Streaming Data Pipelines on Kubernetes

Cloudflow enables you to quickly develop, orchestrate, and operate distributed streaming applications on Kubernetes. With Cloudflow, streaming applications are comprised of small composable components wired together with schema-based contracts. Cloudflow can dramatically accelerate streaming application development—​reducing the time required to create, package, and deploy—​from weeks to hours.

With its powerful abstractions, Cloudflow allows you to easily define the most complex streaming applications:

  • Develop: Focus only on business logic, leave the boilerplate to us.

  • Build: We provide a rich development kit for going from business logic to a deployable application.

  • Deploy: Cloudflow comes with Kubernetes extensions for the cluster and the client to deploy your distributed system with a single command.

Cloudflow integrates with popular streaming engines like Akka, Spark and Flink. It also comes with a powerful CLI tool to easily manage, scale and configure streaming applications at runtime. In a nutshell, Cloudflow is an application development toolkit composed of:

  • A definition for Streamlet, the core component model in Cloudflow.

  • An extensible runtime for Streamlet(s) and out-of-the-box implementations for popular streaming runtimes, like Spark’s Structured Streaming, Flink, and Akka.

  • A Streamlet composition model driven by a blueprint definition.

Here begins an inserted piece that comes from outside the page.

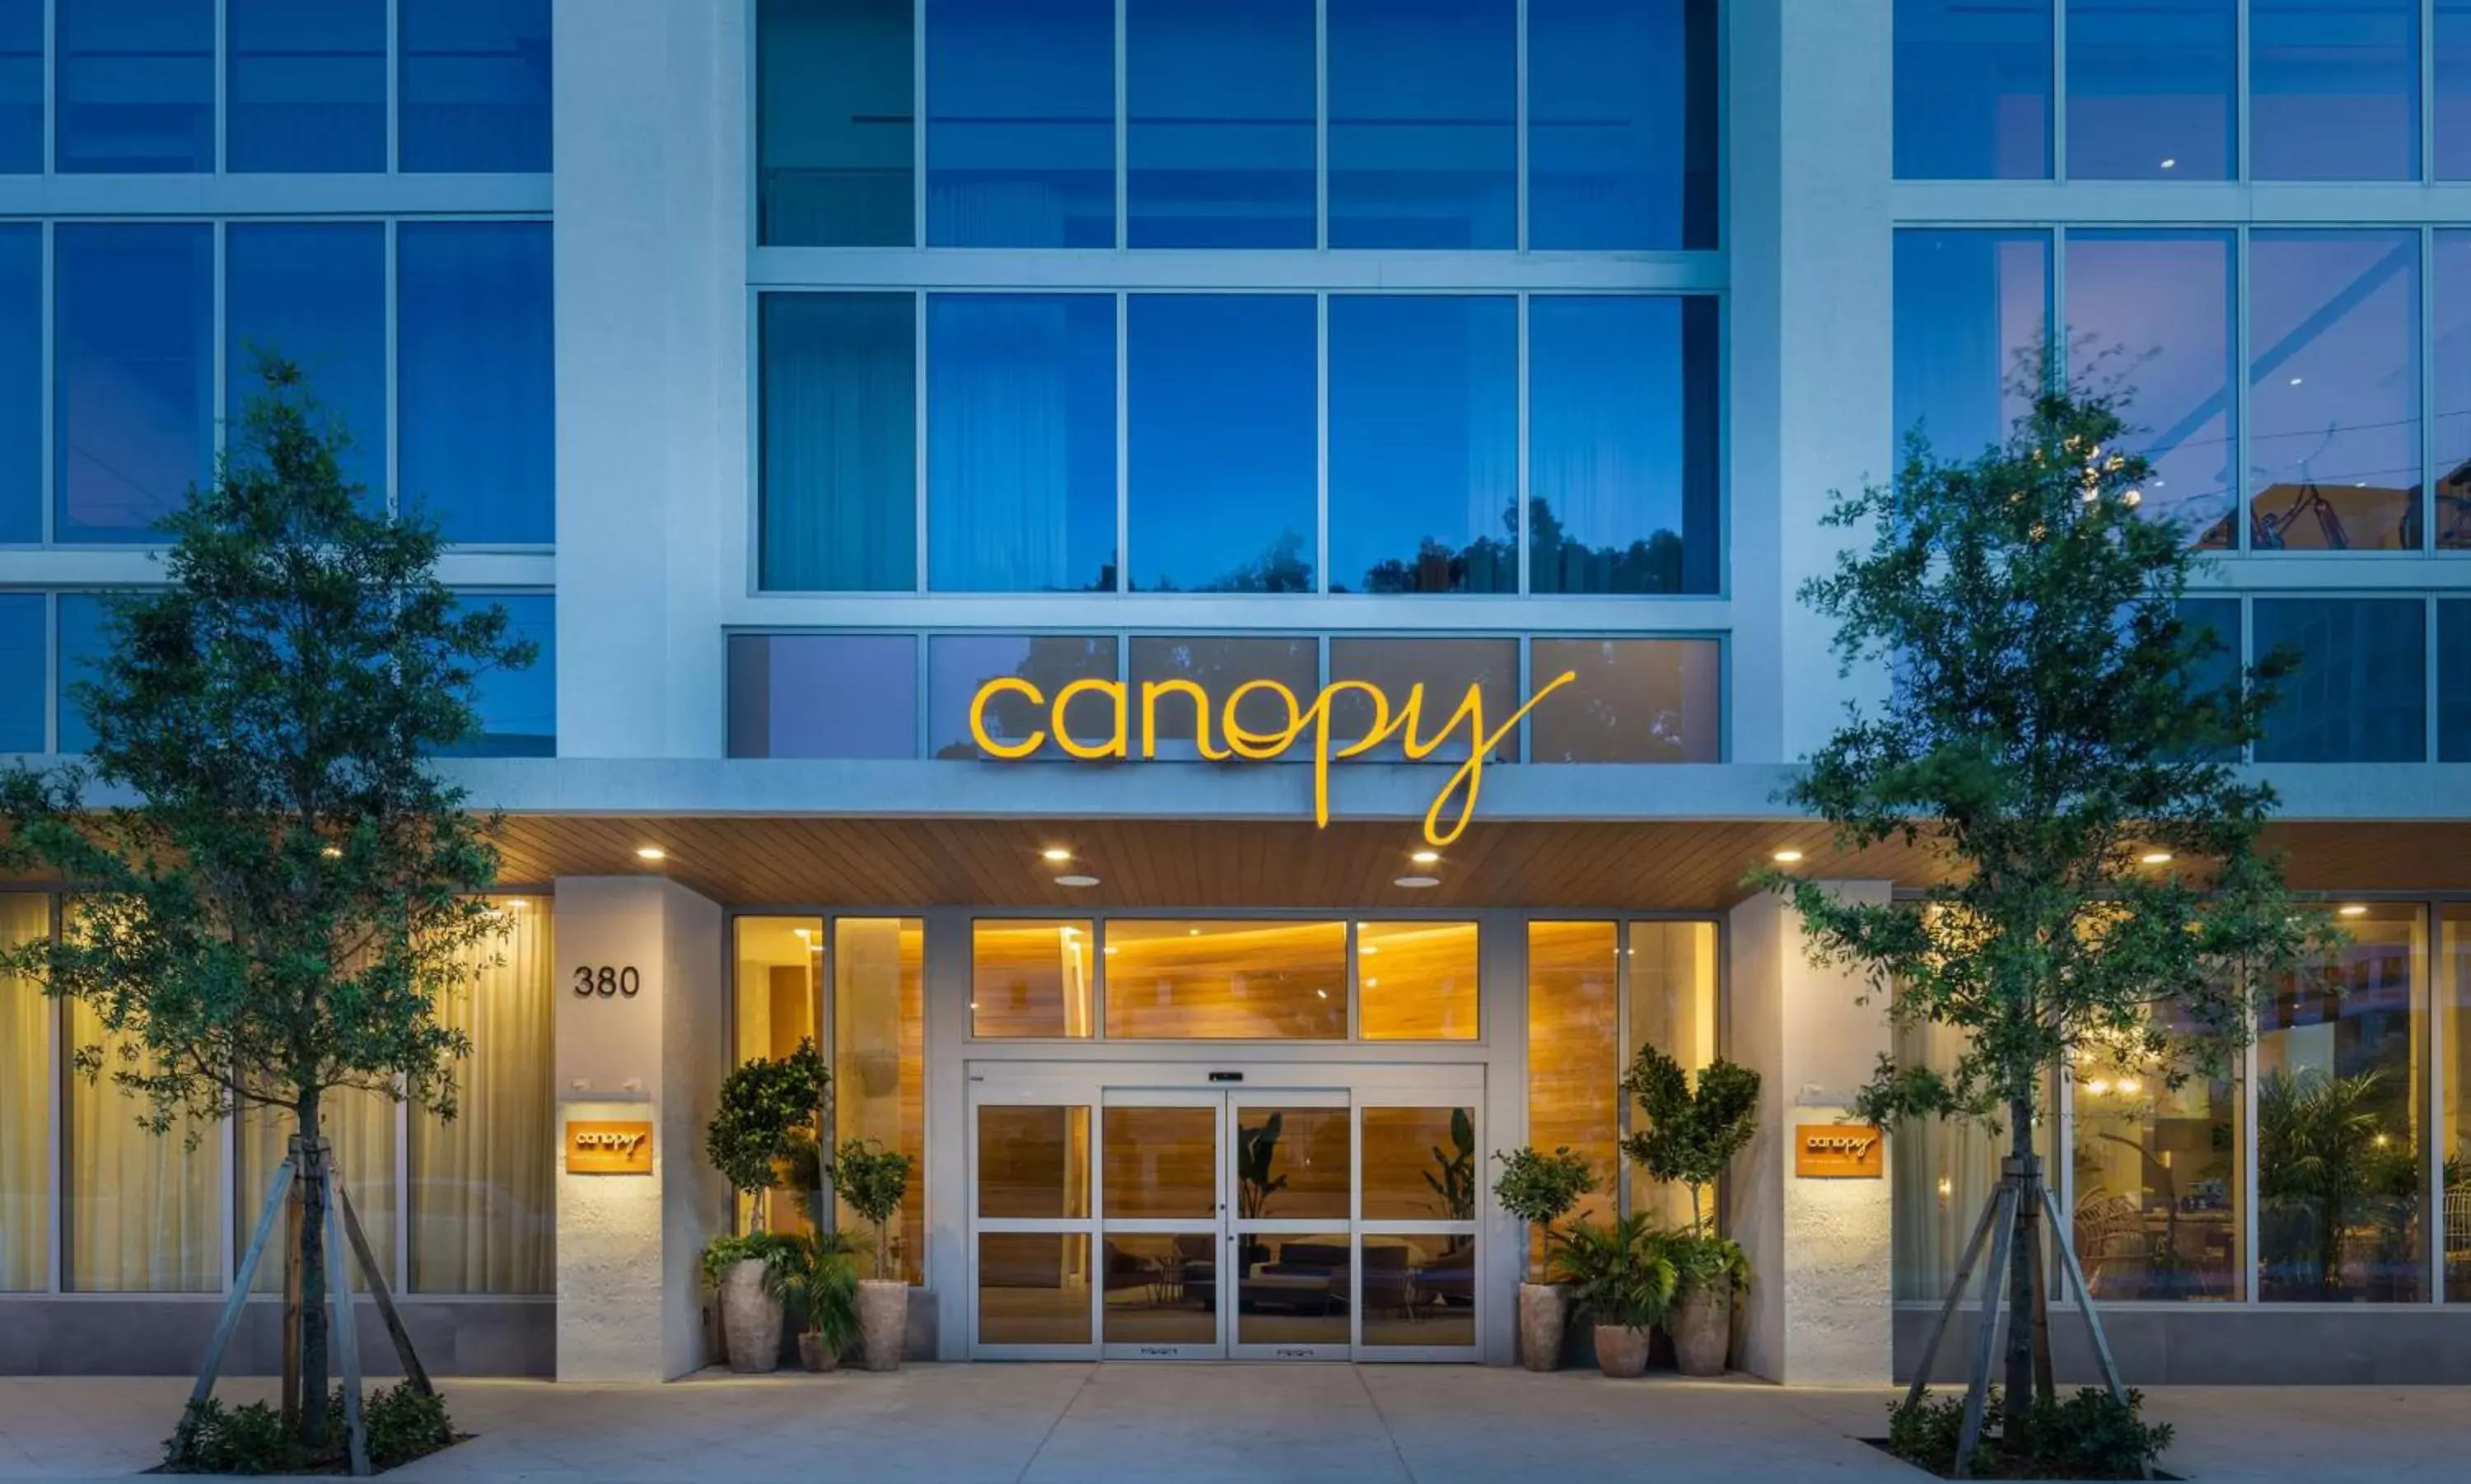 Property building in Canopy West Palm Beach - Downtown

  • A sandbox local execution mode that accelerates the development and testing of your applications without requiring a cluster.

  • A set of sbt plugins that are able to package your application into deployable units.

  • The Cloudflow operator, a Kubernetes operator that manages the application lifecycle on Kubernetes.

  • A CLI, in the form of a kubectl plugin, that facilitates manual, scripted, and automated (CI/CD) management of the application.